Most analysts spend more time searching for information that may be relevant to their analysis than on the analysis itself
This is important. Too much time spent on the front end translates to inefficiencies and delays in answering critical business questions and, in turn, implementing the actions that can improve the bottom line. And often, others in the organisation may have already collected the same information or performed a similar analysis, but colleagues have no good way of finding it. In many cases, if they can’t find it, they re-create it. This is obviously an inefficient use of time and effort. Data assets and resulting information proliferate, thus compounding the problem and creating inefficiencies and delays in answering critical business questions. It’s a pickle without the right collaborative solutions – and the collegiate culture needed to make them work.
Ideally, any new functionality should be aimed at changing how business analysts discover, prioritise, and analyse all the relevant information in their organisation. Not to get too far from measurable metrics, but it should simply bring back the fun of allowing people to do their jobs better. There is a thrill to the analytic experience where data and human insight interact. But without the ability to easily get to and enjoy the most challenging and rewarding parts of the job, analysts may feel less empowered, and less engaged with the work, and lose the ‘flow state’ we all strive to achieve.
Best practices for searching, and finding, what you need
Although organisations are generating, storing, and accessing more data than ever before, this data is often hidden to the people who need it to make critical business decisions. Sometimes the data conflicts with what people think they know, calling its trustworthiness into question. It’s important to have some clear guidance.
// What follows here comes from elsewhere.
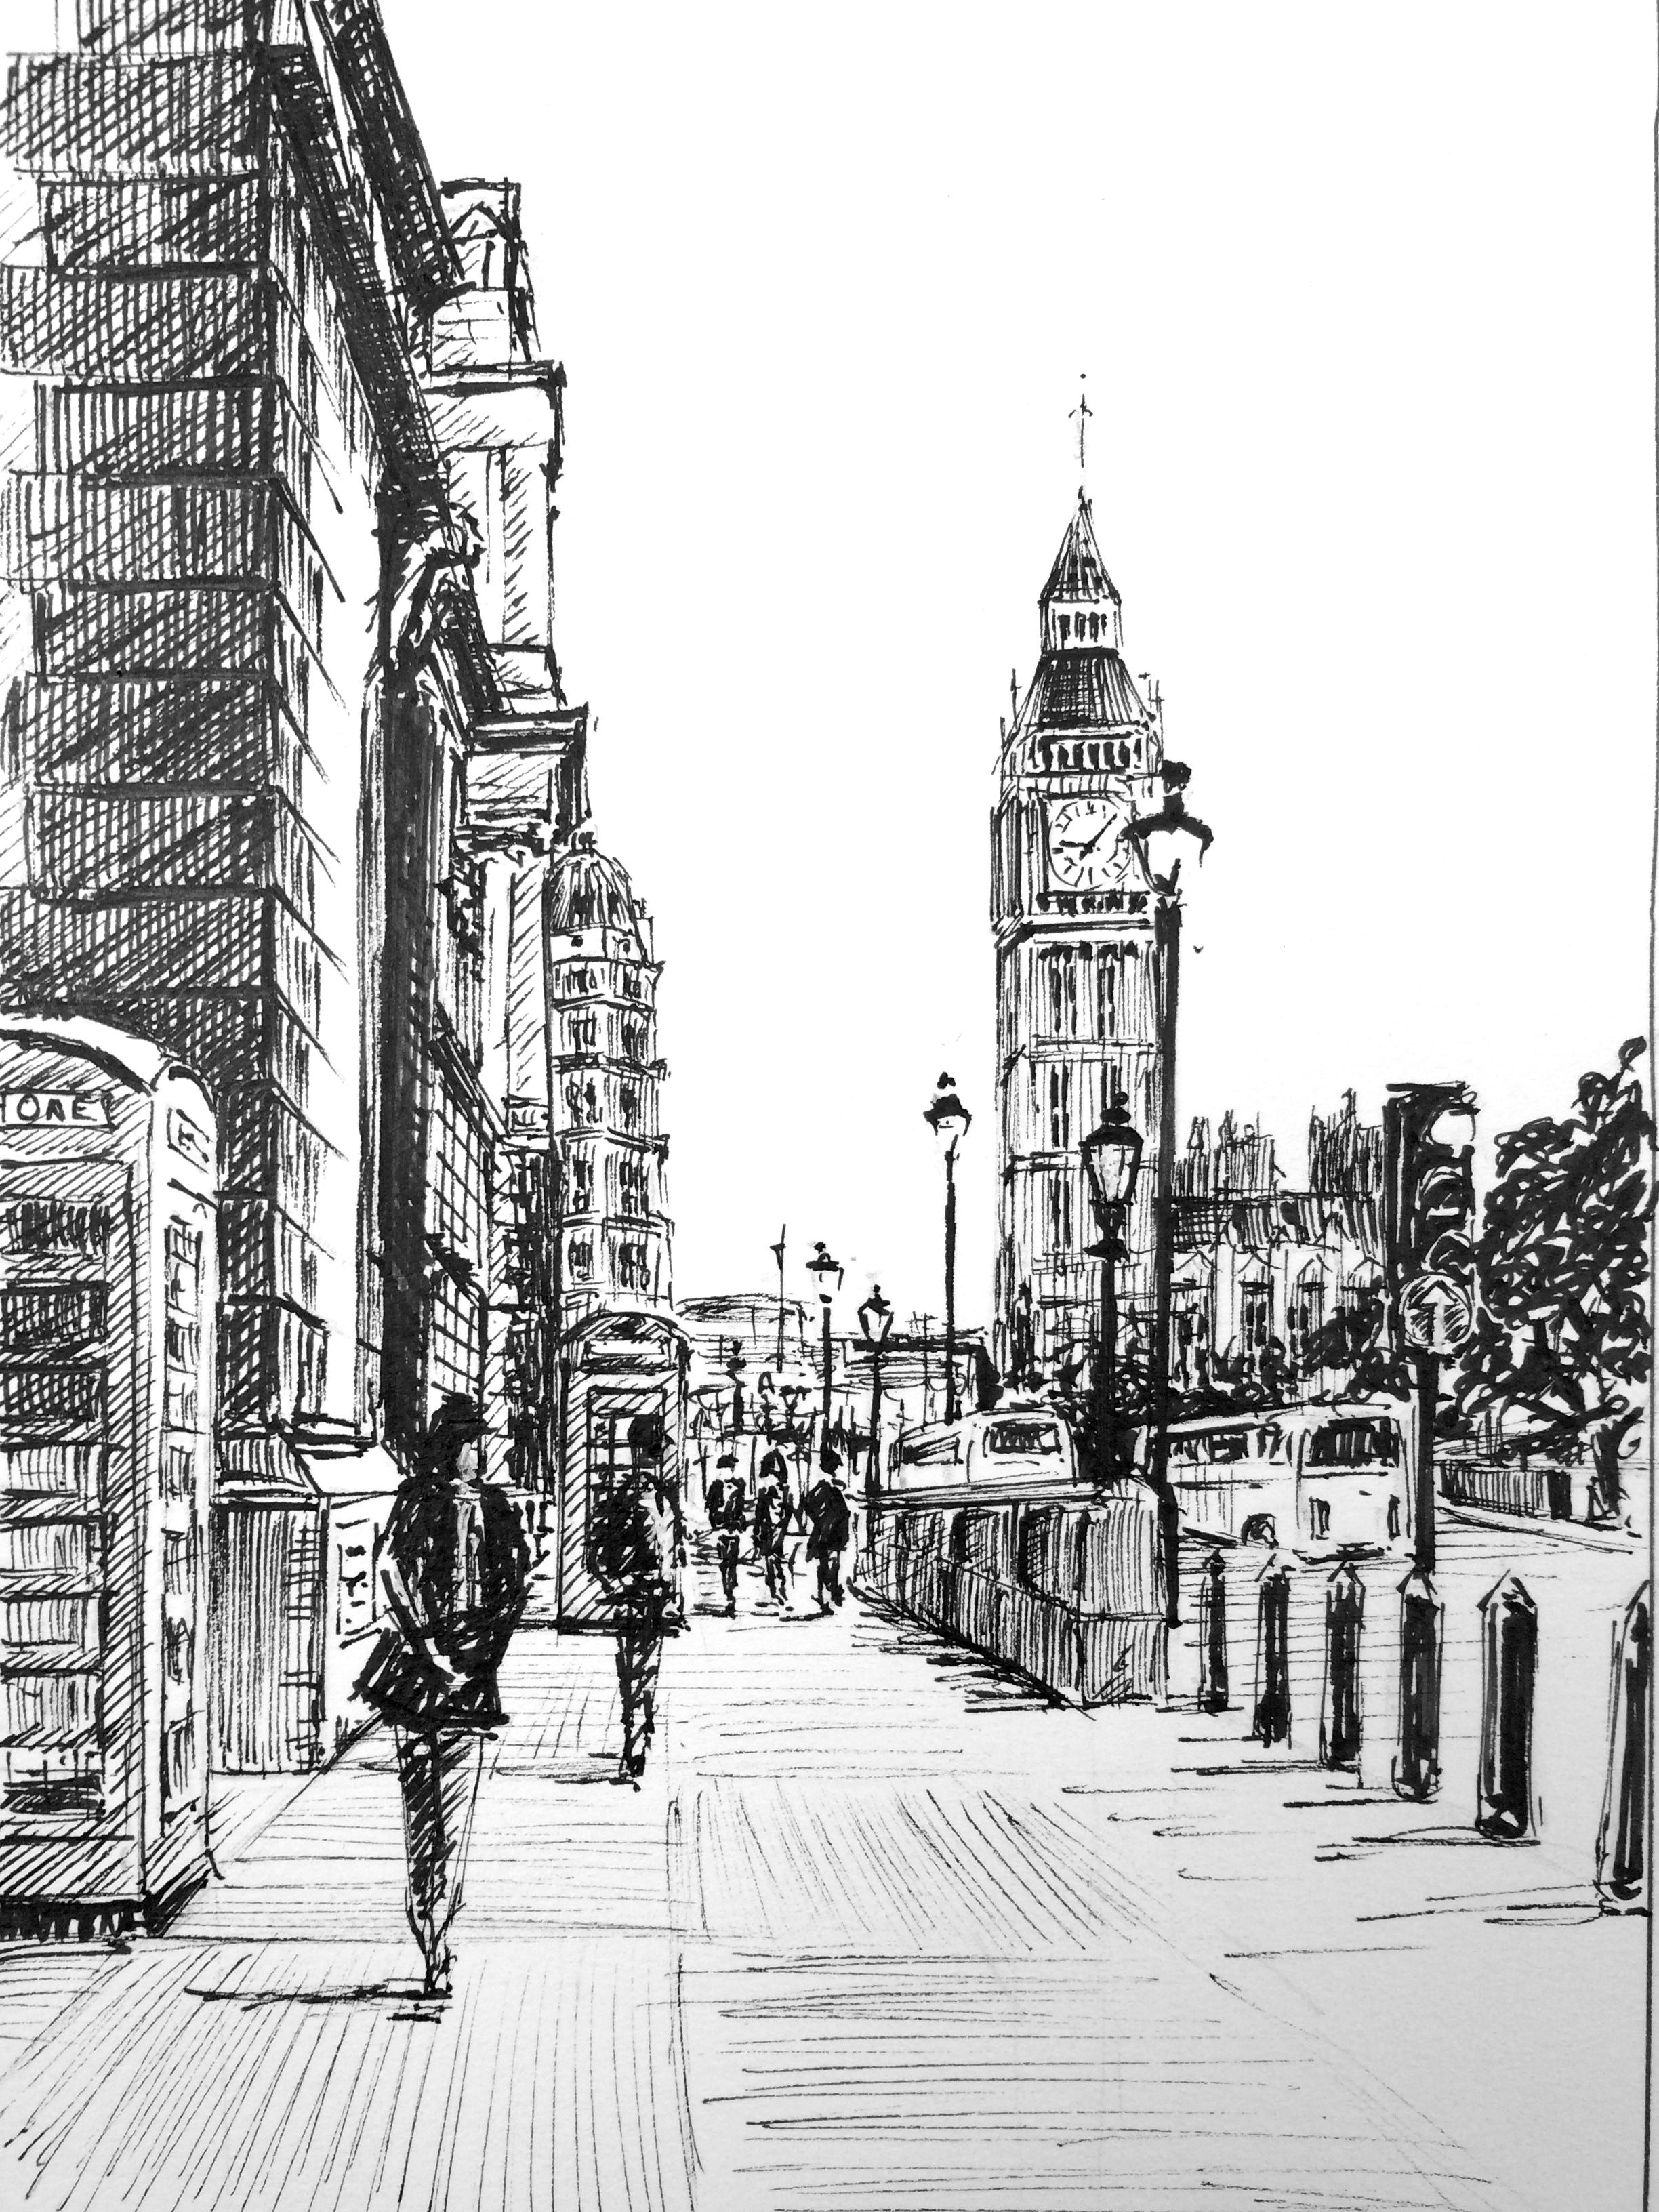 Drawn big ben wallpaper #2

Investigate everything in the analytic process. Search to find and reuse information contained across analytic applications, workflows, macros, visualisations, dashboards, and data science models. Resources should be returned to where they have proven their value.
In a pinch, only use trustworthy, vetted, and curated information. By doing so analysts reduce the time spent searching for impactful data and assets, and avoid ones that have been rated poorly by others who have been there before.
Utilise your organisation’s tribal knowledge. Discover the types of information your data contains, where the information comes from, who is using it. This may be most easily done via a data platform, though it’s possible to curate such resources by hand – if you have the time, and a limited, slow moving data environment. This is the difference between a long search and a quick ‘find’. A ‘business glossary’ – where you establish business definitions, terms, rules, or processes to ensure data governance and consistency in data and analysis – may prove a great way to make this happen in a controlled and useful way.
For the larger and more complex organisations, guidance is important, but even more important is the culture. But over a certain size even best practices and the best cultures won’t keep up with the volume, velocity and variety of data. That’s when the platform becomes paramount.
But make no mistake, any size of business can lose time with inefficient data search and find. We can all use the extra time gained by making better decisions faster to drive more positive change for our organisations.